Since deep neural networks were developed, they have made huge contributions to everyday lives. Machine learning provides more rational advice than humans are capable of in almost every aspect of daily life. However, despite this achievement, the design and training of neural networks are still challenging and unpredictable procedures. To lower the technical thresholds for common users, automated hyper-parameter optimization (HPO) has become a popular topic in both academic and industrial areas. This paper provides a review of the most essential topics on HPO. The first section introduces the key hyper-parameters related to model training and structure, and discusses their importance and methods to define the value range.
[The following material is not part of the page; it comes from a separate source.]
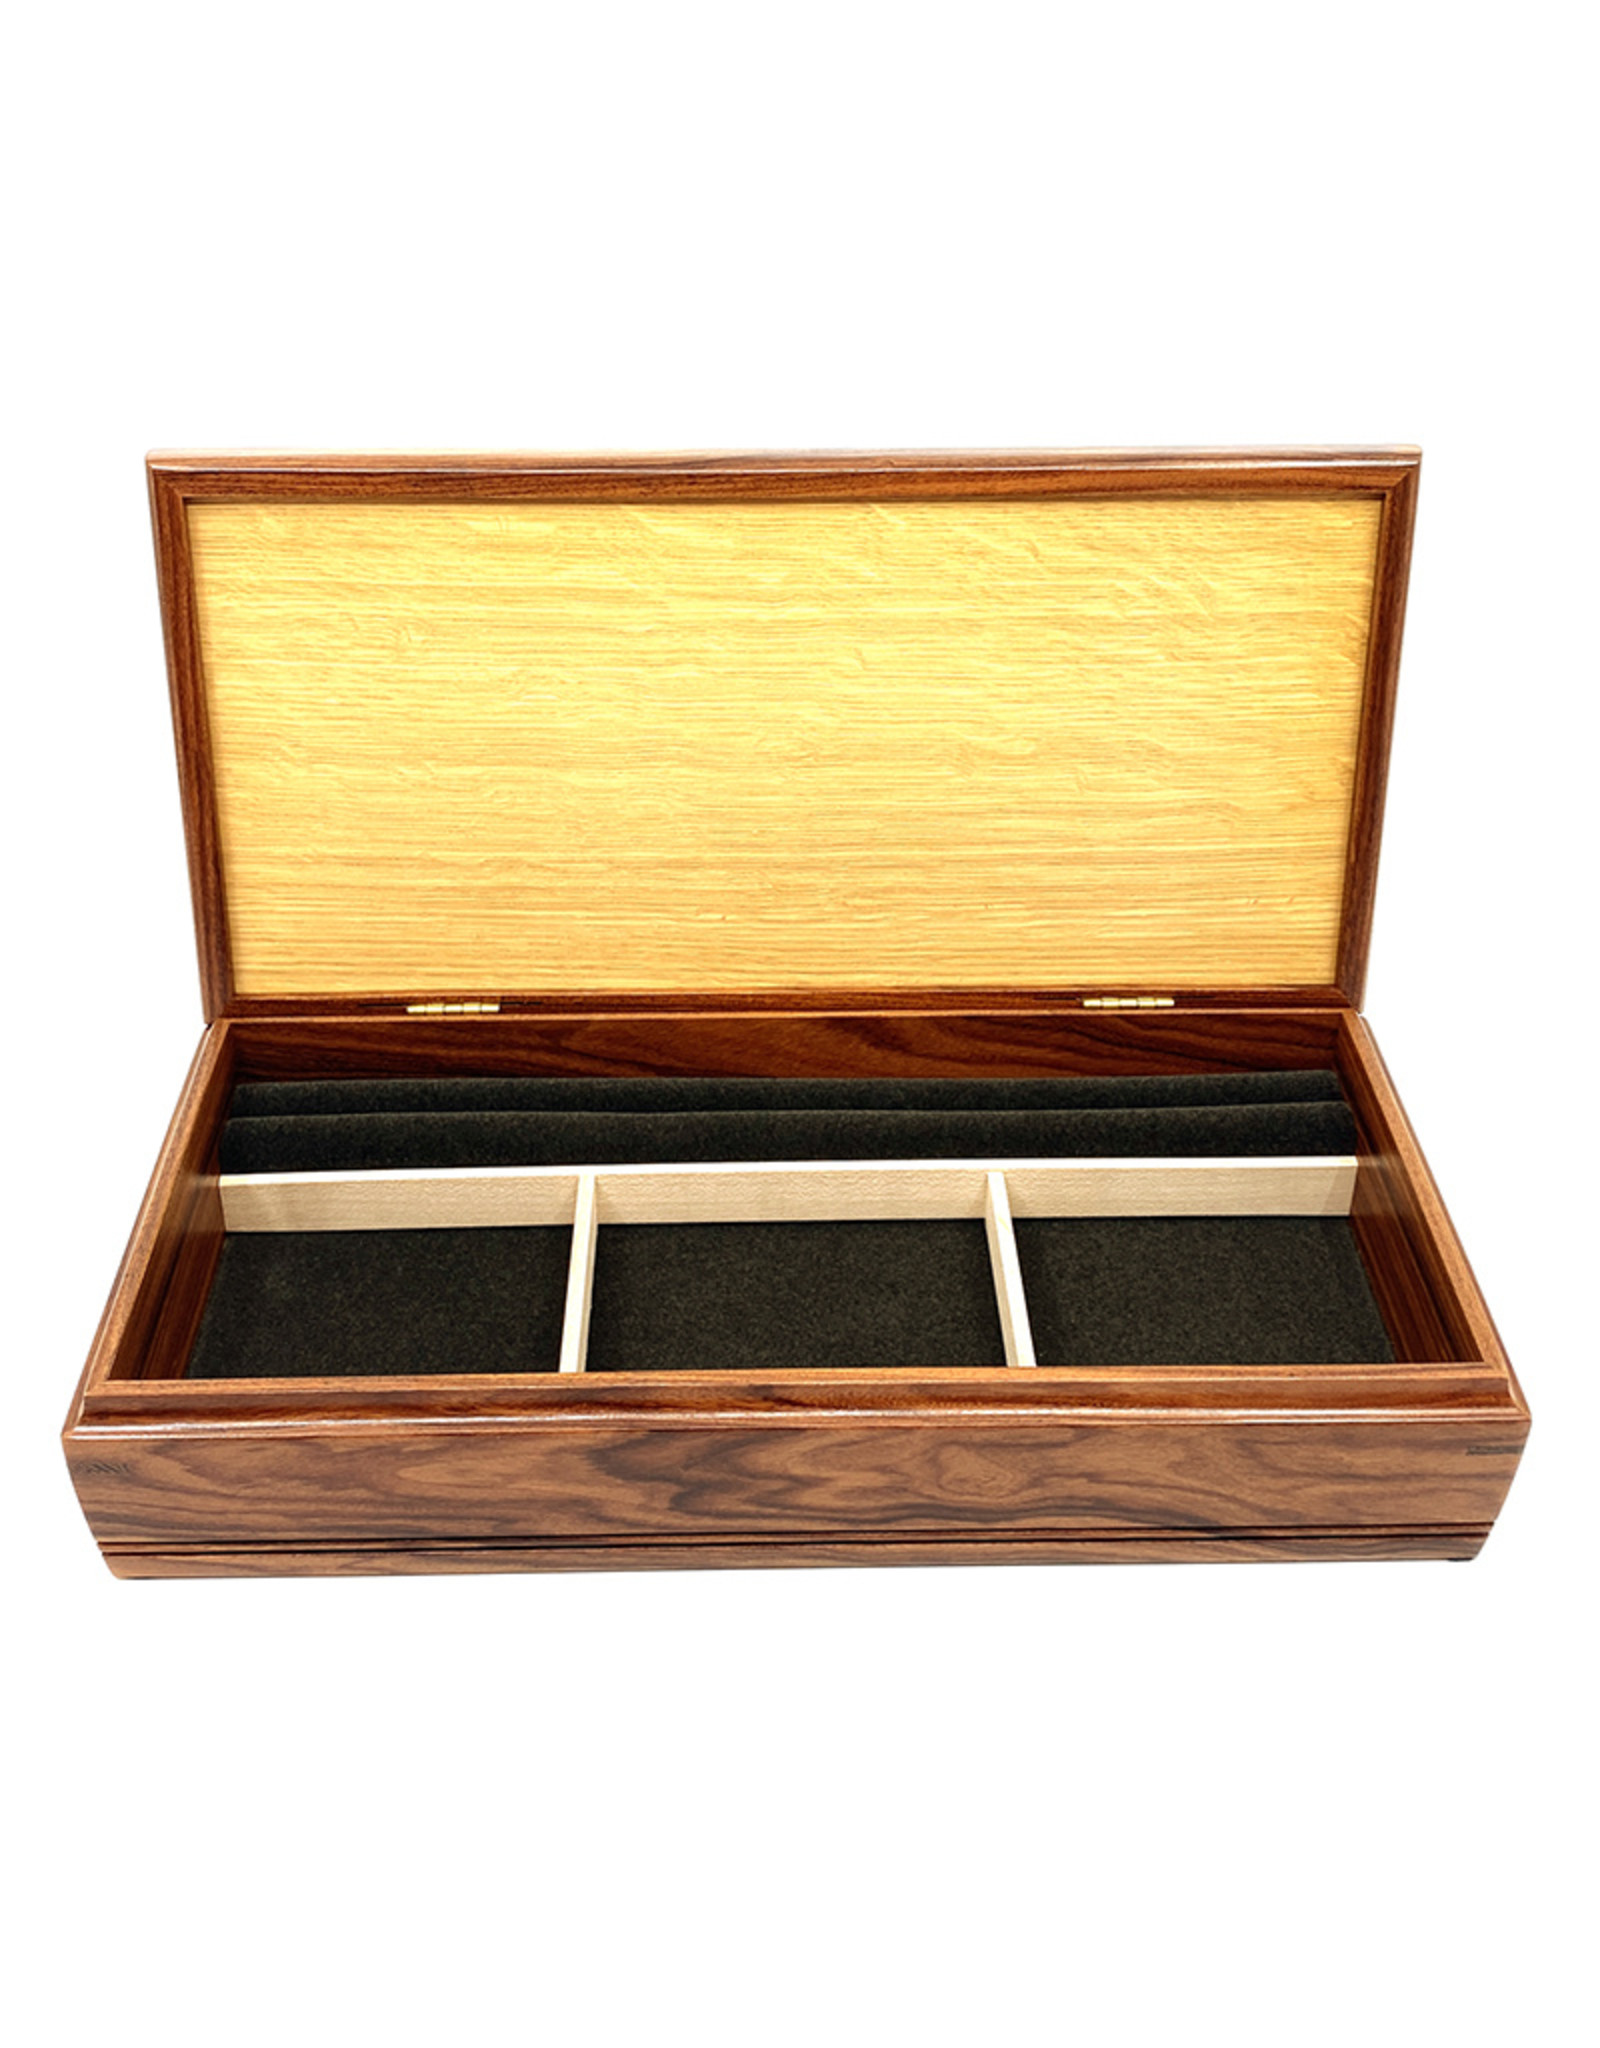 MIKUTOWSKI WOODWORKING MAPLE & ROSEWOOD SENTINEL BOX
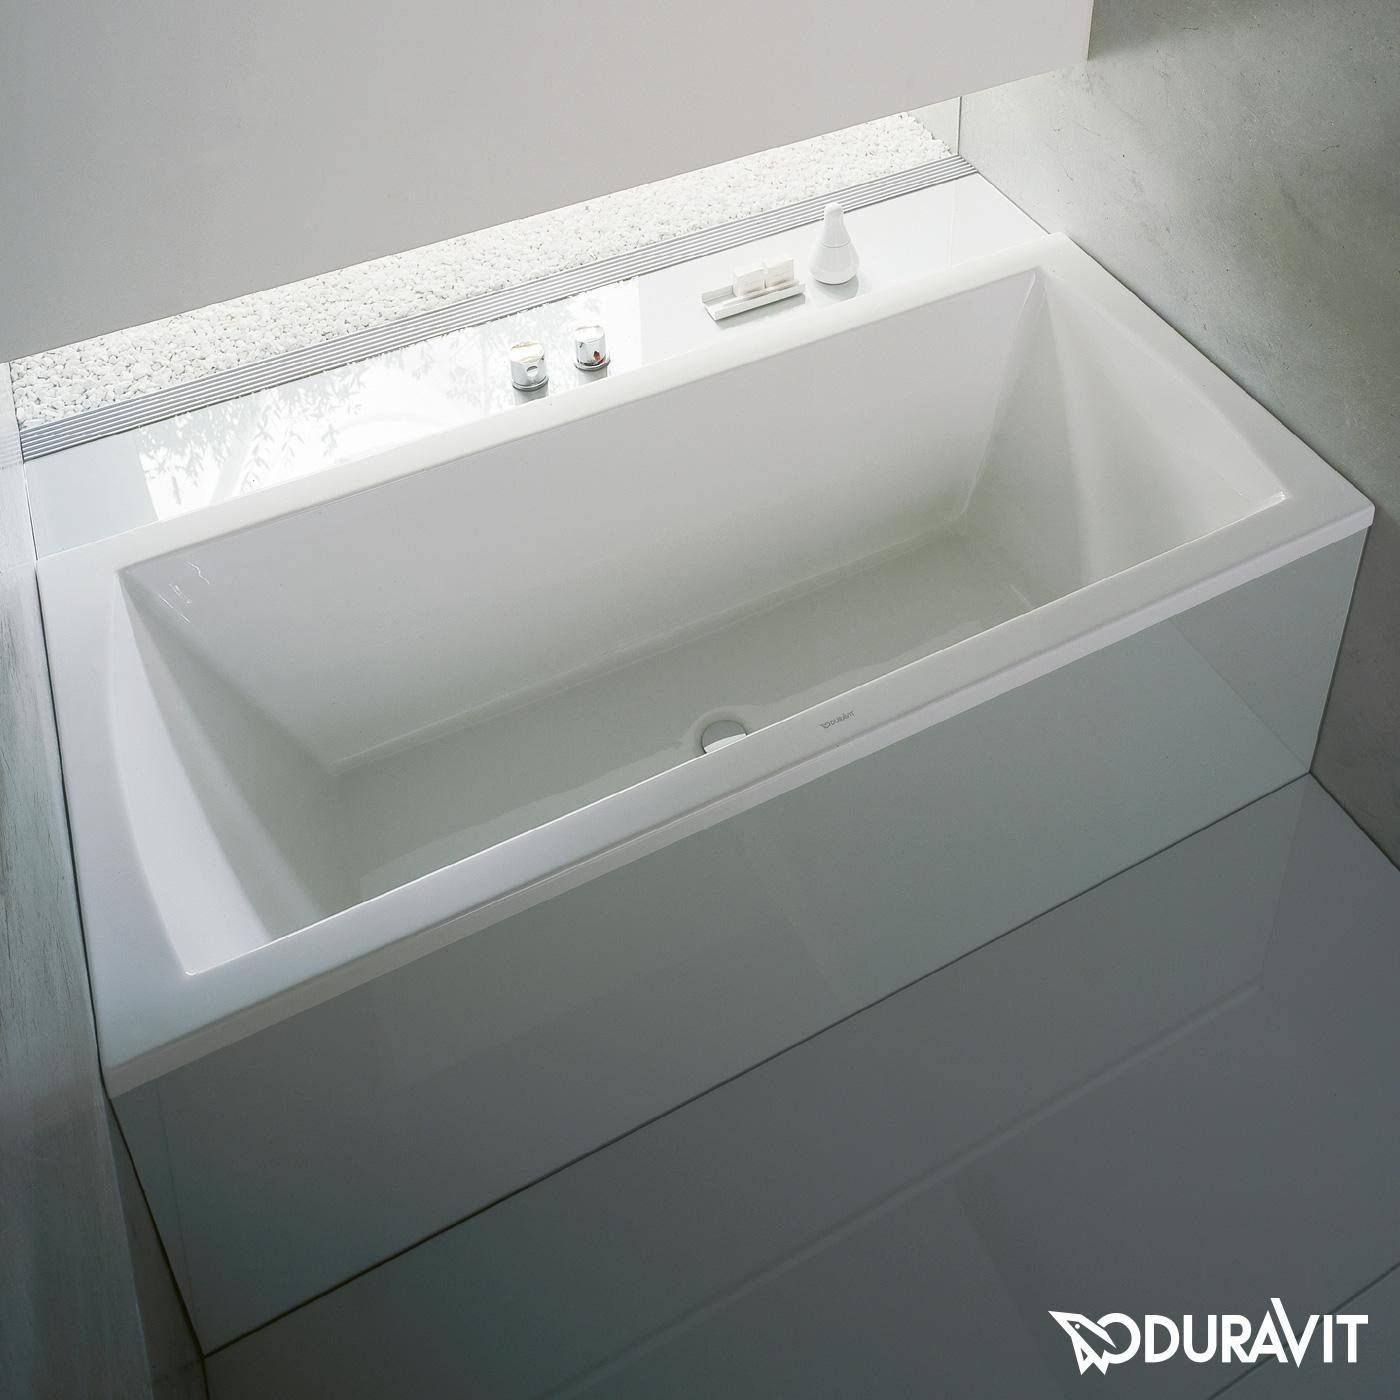 duravit daro rechteck badewanne 700028000000000 reuter. Black Bedroom Furniture Sets. Home Design Ideas

Then, the research focuses on major optimization algorithms and their applicability, covering their efficiency and accuracy especially for deep learning networks. This study next reviews major services and toolkits for HPO, comparing their support for state-of-the-art searching algorithms, feasibility with major deep learning frameworks, and extensibility for new modules designed by users. The paper concludes with problems that exist when HPO is applied to deep learning, a comparison between optimization algorithms, and prominent approaches for model evaluation with limited computational resources.